Pubdate: Mon, 27 Mar 2006
Source: Daily Review, The (Hayward, CA)
Copyright: 2006 ANG Newspapers
Contact: [EMAIL PROTECTED]
Website: http://www.insidebayarea.com/dailyreview
Details: http://www.mapinc.org/media/1410
Author: Josh Richman, Staff Writer
Cited: http://www.angeljustice.org
Bookmark: http://www.mapinc.org/people/Angel+Raich (Angel Raich)
Bookmark: http://www.mapinc.org/mmj.htm (Cannabis - Medicinal)

RAICH BRINGS MARIJUANA CASE BACK TO APPEALS COURT

Less than a year after the U.S. Supreme Court ruled against her,
Oakland medical marijuana patient and advocate Angel Raich will go
back before a federal appeals court today with a different legal argument.

Her lawyers will try to persuade a three-judge panel of the 9th U.S.
Circuit Court of Appeals, sitting in Pasadena, that keeping her from
using marijuana as medicine unduly burdens her fundamental rights to
life and freedom from pain, as protected by the Fifth Amendment's Due
Process Clause and the Ninth Amendment.

The government argues there's no constitutionally protected
fundamental right to obtain and use marijuana in defiance of the
federal ban on the drug.

"Nor can plaintiffs establish that the use of any particular drug,
free of a regulatory scheme designed to protect the public health and
safety, is a fundamental right that is deeply rooted in our nation's
history, legal traditions and practices," wrote Assistant U.S.
Attorney Mark Quinlivan in his January brief to the appeals court.

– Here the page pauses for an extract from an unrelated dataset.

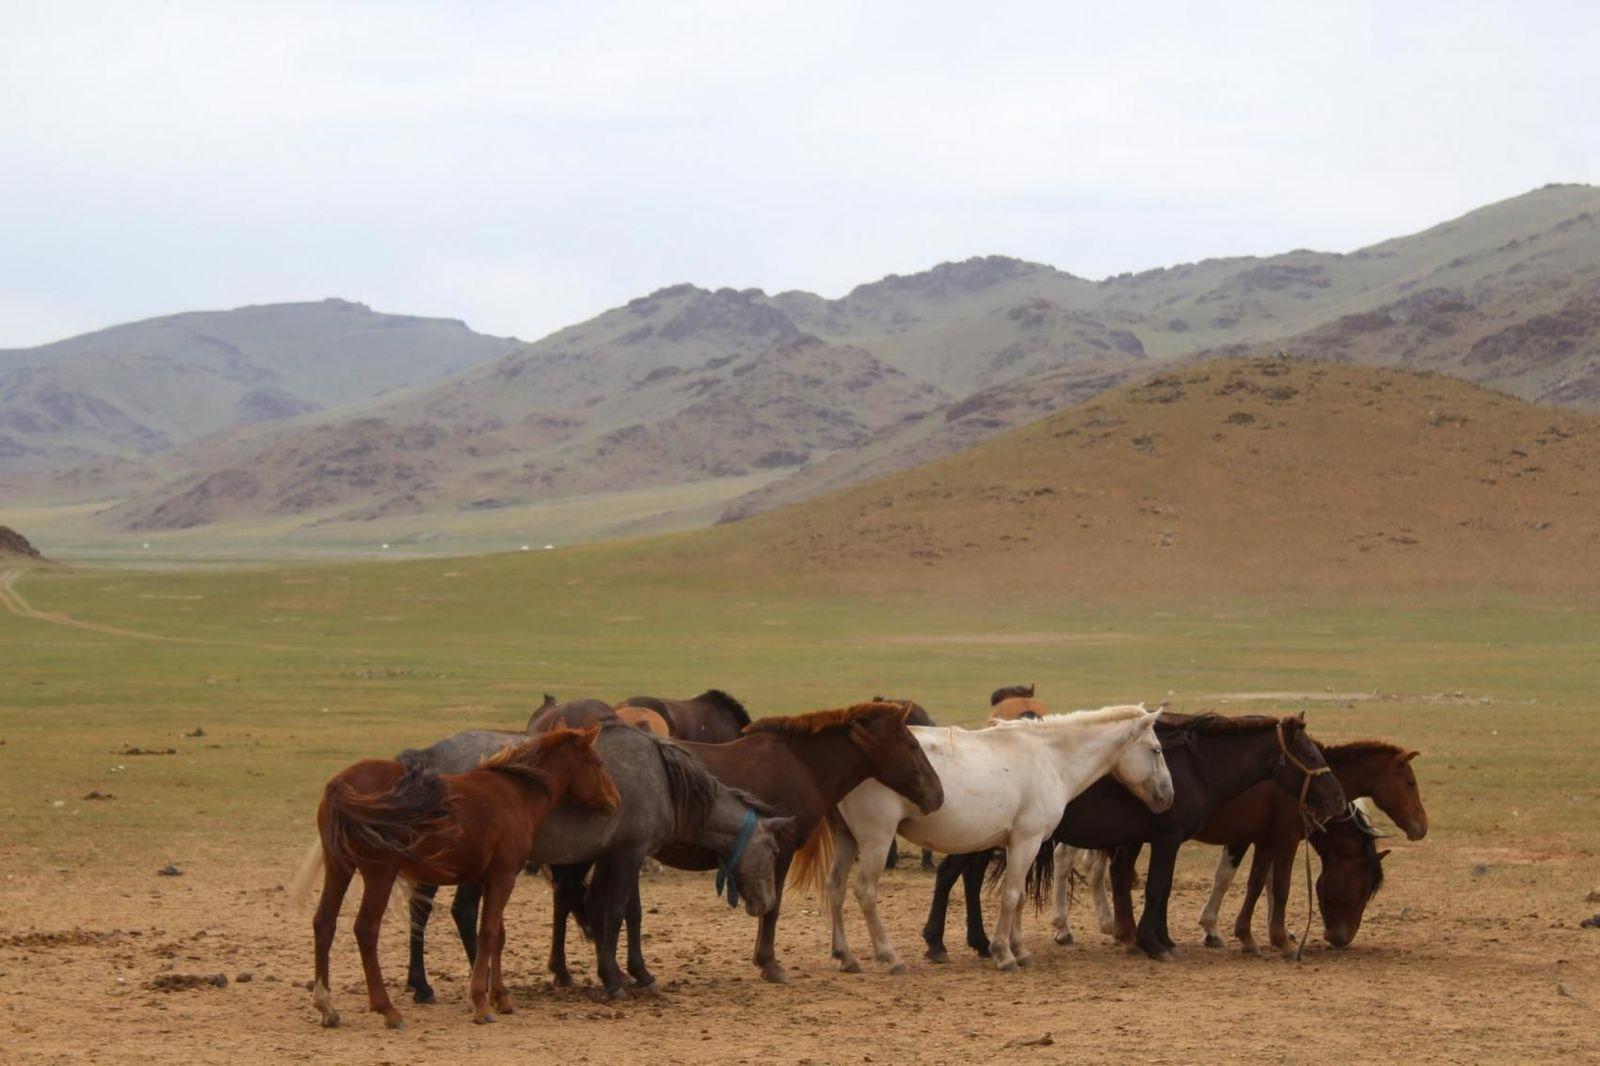 SPERRFRIST 2. JULI 21:00 UHR / Pferde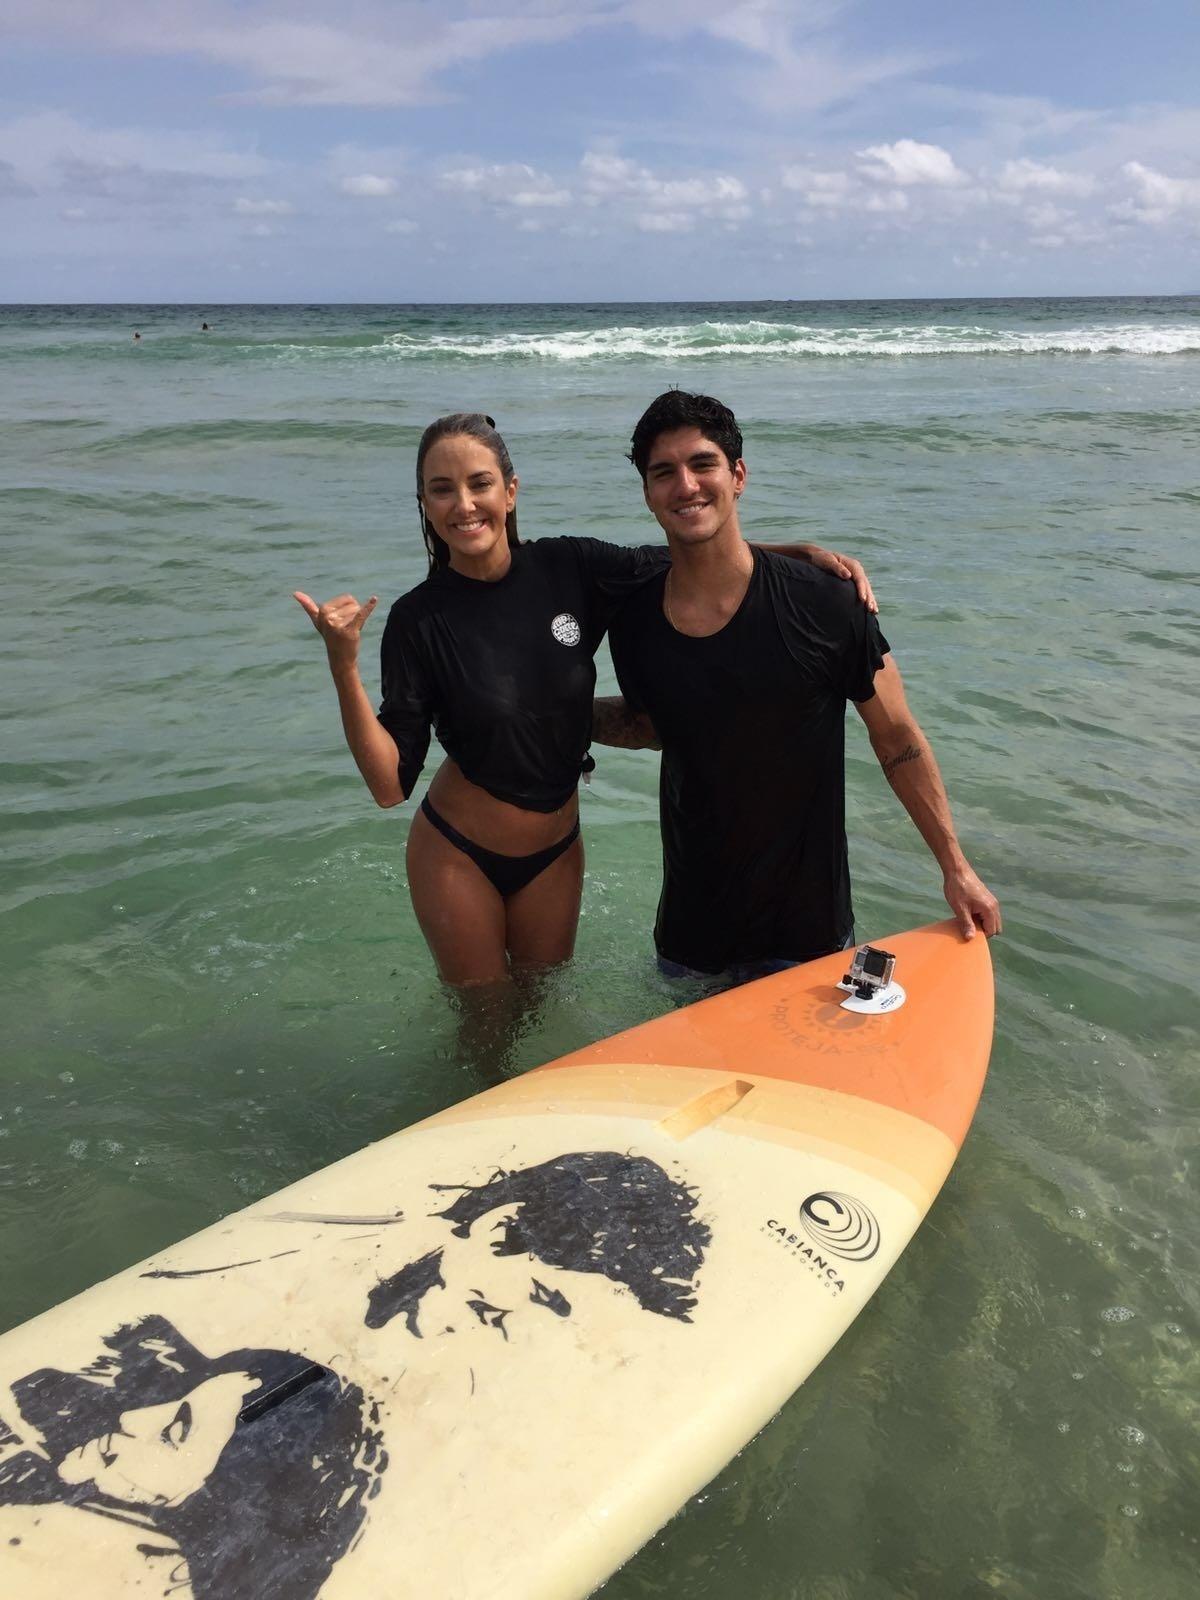 Ticiane Pinheiro grava uma entrevista com o campeão mundial de surfe Gabriel Medina

Each side will have 30 minutes to argue its case. It will probably be
months before the court rules.

Raich and Diane Monson of Oroville plus two unnamed providers sued
the government in October 2002 to prevent any interference with their
medical marijuana use, but this case's seeds actually were sown in
the Supreme Court's May 2001 decision on the Oakland Cannabis Buyers
Cooperative's case.

The court in that case ruled there's no collective medical necessity
exception to the federal ban, which defines marijuana as having no
valid medical use. But it didn't rule on constitutional questions
underlying the medical marijuana debate, so Raich, Monson and their
lawyers tailor-made a case raising exactly those issues.

A federal judge in San Francisco rejected their arguments in March
2003, but a 9th Circuit appeal panel reversed that ruling nine months later.

That panel believed the plaintiffs could prevail at trial on their
claim that the Constitution's Commerce Clause lets Congress regulate
only interstate commerce, and that Californians' medical marijuana
use neither crosses state lines nor involves money changing hands.

The U.S. Supreme Court heard the case in November 2004 and in June
2005 ruled 6-3 to uphold the federal ban, finding that even marijuana
grown in back yards for personal medical use can affect or contribute
to the illegal interstate market for marijuana and so is within
Congress' constitutional reach.

But the 9th Circuit panel and the Supreme Court dealt only with the
Commerce Clause argument, not the other constitutional issues. With
the case remanded back to the 9th Circuit, Raich's attorneys now are
pursuing the remaining arguments; Monson dropped out of the case late
last year.

Besides the Fifth- and Ninth-Amendment arguments, Raich's lawyers
also claim the common-law doctrine of necessity -- the idea that it's
OK to break the law when forces beyond one's control compel it and
there's no reasonable, legal alternative -- bars the government from
applying the Controlled Substances Act to ban medically necessary
activities. The government argues the Supreme Court's decision in the
Oakland Cannabis Buyers Cooperative case already ruled out a
medical-necessity argument.

And Raich's lawyers claim the Tenth Amendment protects against
federal interference with state regulation of personal,
non-commercial medical activities within their own borders -- namely,
medical marijuana laws. But the government says the Supreme Court's
rejection of the Commerce Clause argument last year already covered
that ground.

"I know we're going to win, I feel pretty good about the 9th
Circuit," Raich said Friday.

Raich says without the drug's appetite boost, her wasting syndrome
causes rapid, dangerous weight loss threatening her life. She also
suffers from ailments including an inoperable brain tumor and
nonepileptic seizures, and in November had a hysterectomy following
her precervical-cancer diagnosis.

Meanwhile, she's planning a Capitol Hill lobbying blitz with renowned
talk-show host and fellow medical marijuana user Montel Williams,
perhaps to begin as early as May.

The House last June defeated an amendment which would've forbidden
the Justice Department from using public money to raid, arrest or
prosecute patients and providers in states with medical marijuana
laws. The amendment got 161 votes -- more votes than it had in 2003
and 2004 -- but still fell 57 short of the 218 it needed for passage.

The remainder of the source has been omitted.